Brisbane leads office rental growth in APAC, according to Knight Frank research

24 May 2024

Brisbane has had the strongest rental growth in Asia Pacific over the 12 months to the end of Q1 2024, according to the latest research from Knight Frank.

Knight Frank’s Asia-Pacific Prime Office Rental Index for Q1 2024 found Brisbane recorded rental growth of 6.8% over the 12-month period, recording the highest rental growth out of 23 cities tracked.

Ho Chi Minh City was next at 6.6%, while Perth came in third at 6.3%.

Of the other Oceania cities, Auckland came in at 4.3%, followed by Sydney (3.6%) and Melbourne (0.1%).

The report found 15 out of 23 cities tracked by the index recorded stable or increased rents in Q1 2024, compared with 13 cities in Q4 2023.

However, the Asia-Pacific Prime Office Rental Index registered a 3.2% year-on-year decline, steeper than the 2.4% year-on-year fall in Q4 2023.

This seventh consecutive quarterly drop was primarily driven by deepening rental declines in Chinese Mainland cities, which reached record lows during the quarter.

Meanwhile, Knight Frank’s Brisbane CBD Office Market report provides further evidence of the strong rental growth in Brisbane’s CBD office market, finding average prime gross face rents increased by 6.3% to $907/sqm in the 12 months to April 2024.

Prime effective rents are forecast to grow by a further 5.7% over the remainder of 2024, and prime face rents are forecast to grow by an average of 6.1% in the five years from 2024 to 2028.

Prime incentives now average 39%, falling from 40% in the past six months, and are predicted to fall to 38% over the next two years before plateauing.

Knight Frank Partner, Research and Consulting Jennelle Wilson said demand for premium and upper A grade space – or best in class assets – had continued to drive prime rental growth in Brisbane’s CBD office market.

“Conservatism due to slower economic growth and cost pressures is expected to moderate rental growth during 2025 before the inherent lack of new supply will see rents accelerate again from 2026 and 2028.

“The total vacancy rate is forecast to fall to 9.7% by January 2025, down from 11.7% in January 2024, due to a lack of supply in 2024 and ongoing tenant demand, before increasing again in response to new supply through 2025.

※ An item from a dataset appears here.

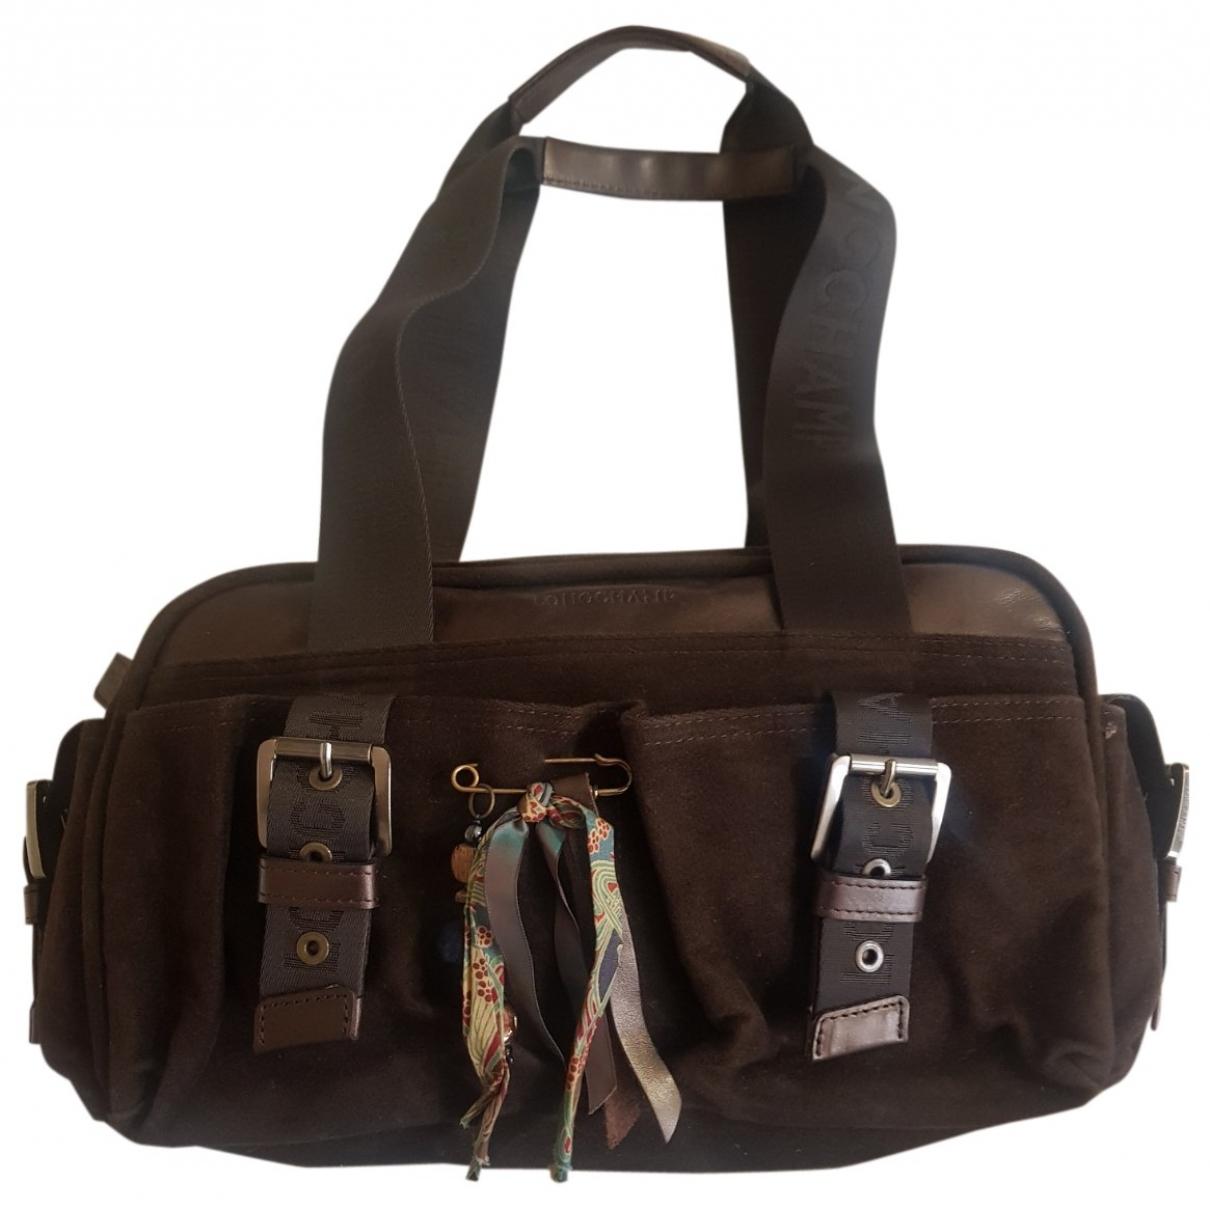 Longchamp \N Handtasche in  Braun Samt

“However, the lack of new supply between 2026 and 2028 will support vacancy falling again to below 9%, with the prime market to become very tight, particularly for contiguous space.”

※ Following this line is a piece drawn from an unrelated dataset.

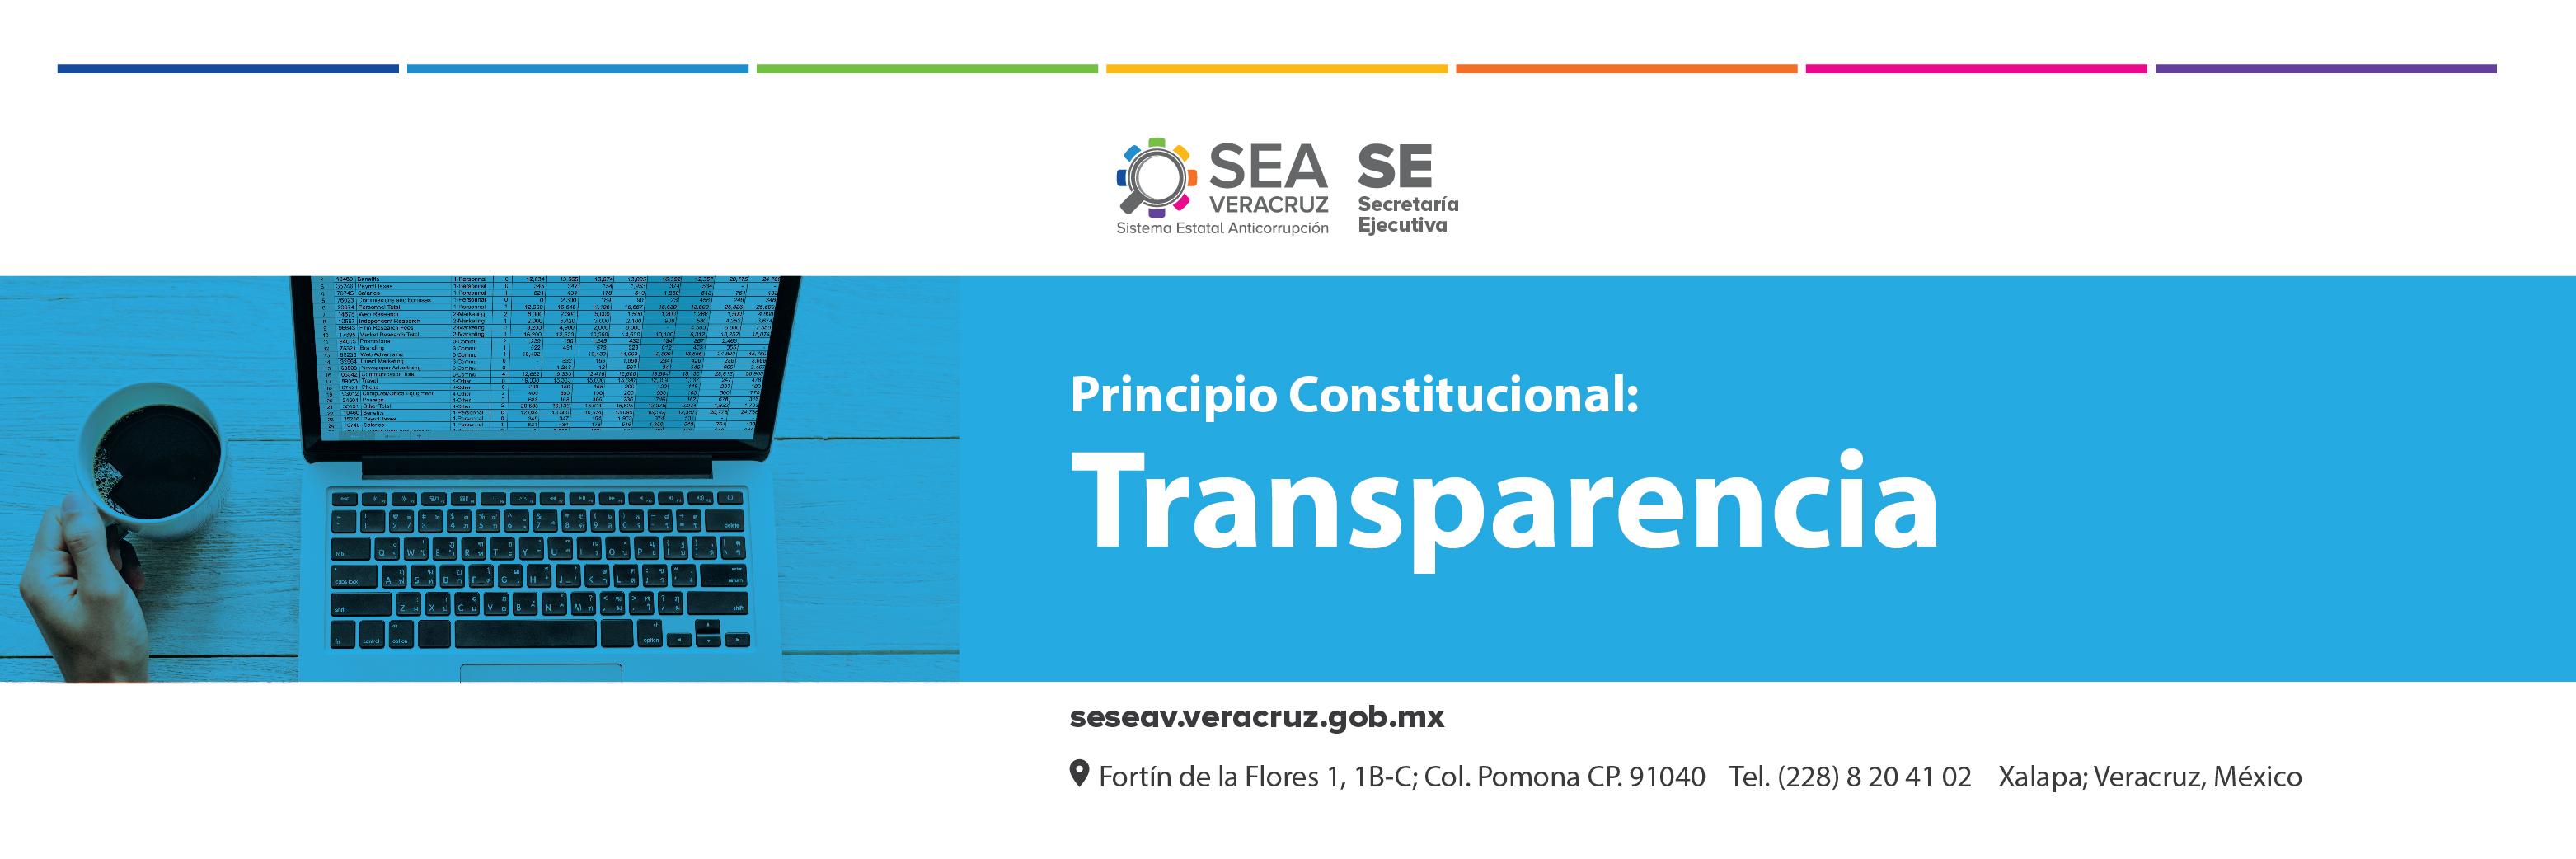 SESEAV-SLDR-PRINCIPIOCONSTITUCIONAL-TRANSPARENCIA-01

Knight Frank Head of Office Leasing Queensland Mark McCann said the Brisbane CBD office market had been supported by strong tenant demand over the past year, leading to significant rental growth.

“With no new prime supply since 2021 and more than a year before uncommitted new space is delivered, which is likely to be limited, larger tenants are increasingly commencing the process to secure their space well ahead of expiry due to supply constraints,” he said.

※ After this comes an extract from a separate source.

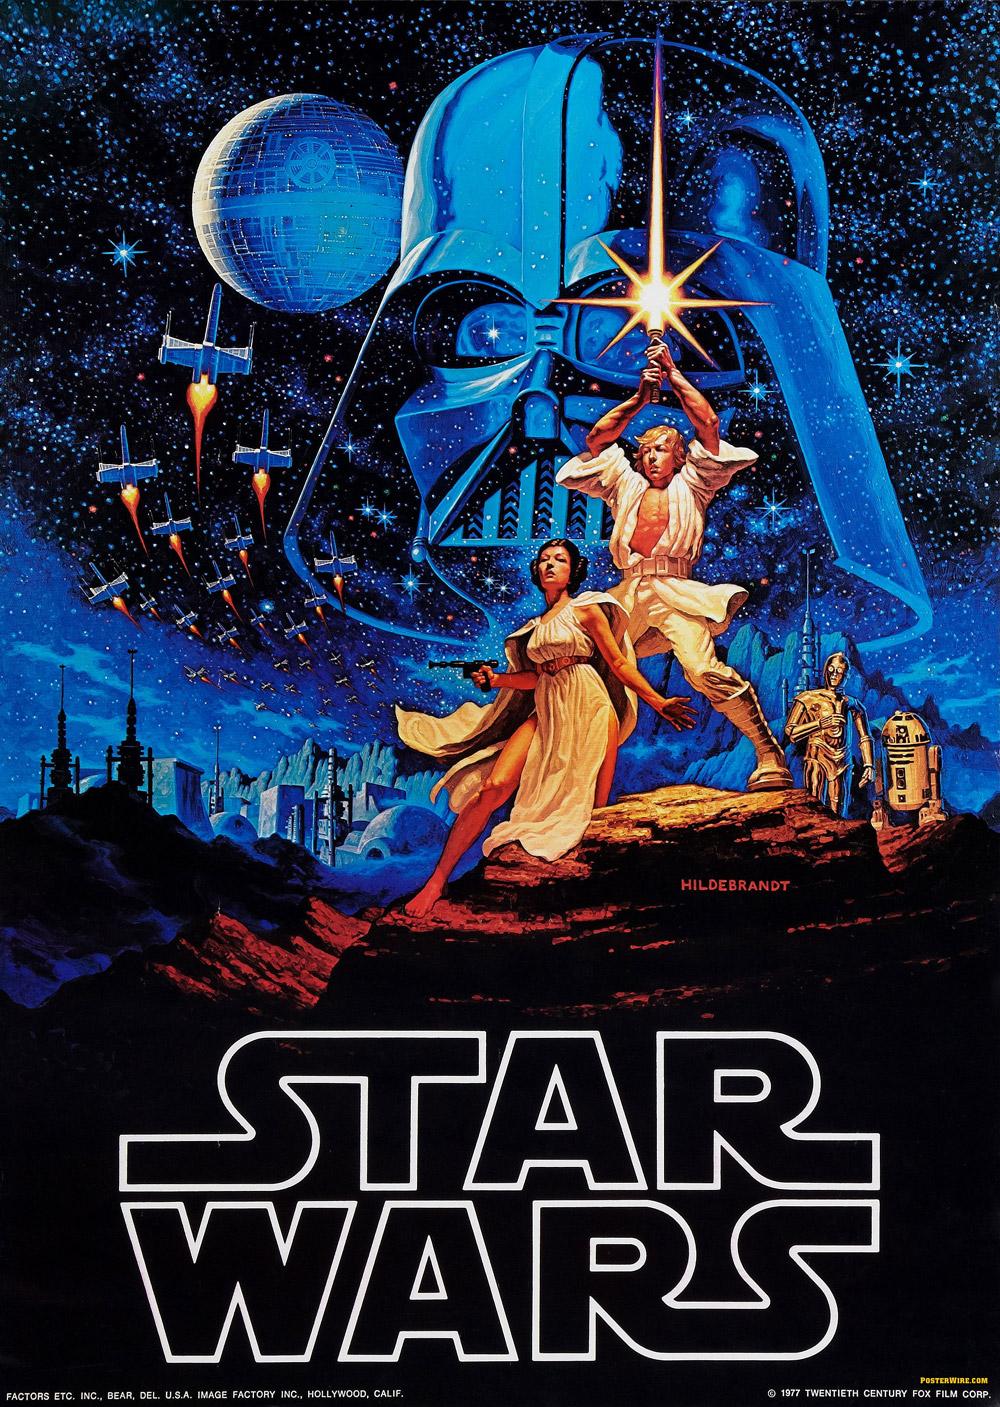 O poster mais famoso do filme original desenhado pelos irmãos Greg y Tim Hildebrandt, que lembra muito Conan e He-man

“Tenant demand for the CBD has been broad-based over the past 12 months, but the most active sectors have been Professional, Scientific & Technical services and Government.

“Recently the State Government has been the more active government tenant, but this is expected to switch to the Federal Government during 2024.

“The importance of the workplace to attract and retain staff plus maintain a dynamic and highly attended office remains of key importance to both large and mid-tier tenants.

“Top and mid-tier professional firms are increasingly locking in future premises decisions and taking advantage of the relatively greater choice on offer now than there is expected to be in the next three years.”